8793,6034,45,9,2191,War,2008-12-31 14:00:00+00:00
8794,6783,60,9,2191,The Police,2008-12-31 15:00:00+00:00
8795,6857,18,9,2191,Judas Priest,2008-12-31 14:00:00+00:00
8796,7192,54,9,2191,Lindsey Buckingham,2008-12-31 19:30:00+00:00


This is linking up to several other tables in the warehouse, such as venue, category and date. Let's join things up.

In [21]:
SELECT *
FROM event
INNER JOIN venue USING(venueid)
INNER JOIN category USING(catid)
INNER JOIN date USING(dateid)
LIMIT 100

Unnamed: 0,dateid,catid,venueid,eventid,eventname,starttime,venuename,venuecity,venuestate,venueseats,catgroup,catname,catdesc,caldate,day,week,month,qtr,year,holiday
0,1827,8,303,423,La Damnation de Faust,2008-01-01 19:30:00+00:00,Grand 1894 Opera House,Galveston,TX,0.0,Shows,Opera,All opera and light opera,2008-01-01 00:00:00+00:00,WE,1,JAN,1,2008,True
1,1827,7,211,2099,The Bacchae,2008-01-01 19:30:00+00:00,The Broadway Theatre,New York City,NY,0.0,Shows,Plays,All non-musical theatre,2008-01-01 00:00:00+00:00,WE,1,JAN,1,2008,True
2,1827,9,38,6640,Herbie Hancock,2008-01-01 19:30:00+00:00,US Airways Center,Phoenix,AZ,0.0,Concerts,Pop,All rock and pop music concerts,2008-01-01 00:00:00+00:00,WE,1,JAN,1,2008,True
3,1827,9,9,8621,Hot Chip,2008-01-01 19:00:00+00:00,Dick's Sporting Goods Park,Commerce City,CO,0.0,Concerts,Pop,All rock and pop music concerts,2008-01-01 00:00:00+00:00,WE,1,JAN,1,2008,True
4,1827,6,235,1376,The King and I,2008-01-01 14:30:00+00:00,Studio 54,New York City,NY,0.0,Shows,Musicals,Musical theatre,2008-01-01 00:00:00+00:00,WE,1,JAN,1,2008,True
...,...,...,...,...,...,...,...,...,...,...,...,...,...,...,...,...,...,...,...,...
95,1830,9,9,8006,Bette Midler,2008-01-04 19:30:00+00:00,Dick's Sporting Goods Park,Commerce City,CO,0.0,Concerts,Pop,All rock and pop music concerts,2008-01-04 00:00:00+00:00,SA,2,JAN,1,2008,False
96,1830,6,244,982,Gypsy,2008-01-04 15:00:00+00:00,Royce Hall,Los Angeles,CA,0.0,Shows,Musicals,Musical theatre,2008-01-04 00:00:00+00:00,SA,2,JAN,1,2008,False
97,1830,6,257,1567,Blue Man Group,2008-01-04 15:00:00+00:00,Luxor Hotel,Las Vegas,NV,,Shows,Musicals,Musical theatre,2008-01-04 00:00:00+00:00,SA,2,JAN,1,2008,False
98,1830,7,241,2606,The Caretaker,2008-01-04 14:30:00+00:00,Curran Theatre,San Francisco,CA,0.0,Shows,Plays,All non-musical theatre,2008-01-04 00:00:00+00:00,SA,2,JAN,1,2008,False


There's a `starttime` column coming from the `event` table and there's also a `caldate` column, coming from the `date` table.

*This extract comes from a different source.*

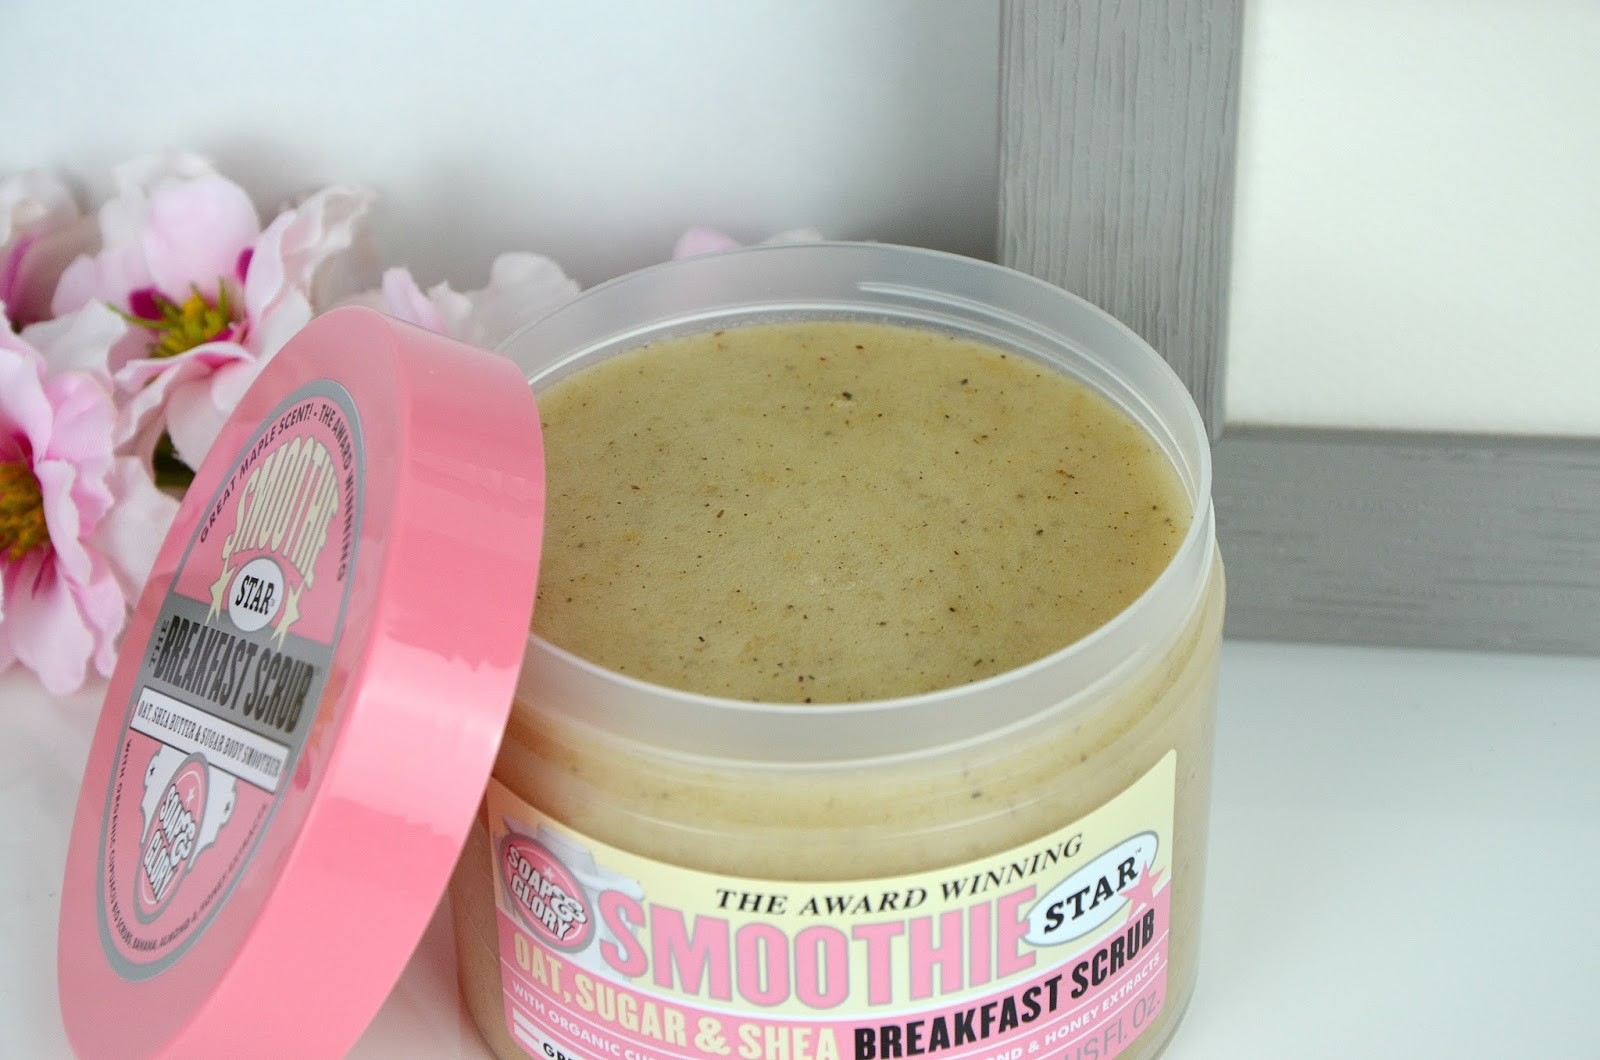 soap and glory Smoothie star breakfast scrub

Let's see what's up with this.

In [20]:
SELECT
	CASE WHEN DATE(caldate) = DATE(starttime) THEN True ELSE False END AS same_date,
	COUNT(*)
FROM event
INNER JOIN date USING(dateid)
GROUP BY 1

Unnamed: 0,same_date,count
0,True,8095
1,False,703


In [22]:
SELECT MAX(DATEDIFF('hour', caldate, starttime))
FROM event
INNER JOIN date USING(dateid)

Unnamed: 0,max
0,20


Let's see how much events are happening in different cities.

In [23]:
SELECT 
	venuecity,
    COUNT(*) AS num_event
FROM event
INNER JOIN venue USING(venueid)
GROUP BY 1
ORDER BY 2 DESC

Unnamed: 0,venuecity,num_event
0,New York City,2647
1,Los Angeles,312
2,Las Vegas,300
3,Chicago,209
4,San Francisco,194
...,...,...
74,Newark,27
75,Montreal,27
76,Irving,25
77,Sunrise,24


In [24]:
import plotly.express as px
px.bar(events_per_city, x = 'venuecity', y = 'num_event')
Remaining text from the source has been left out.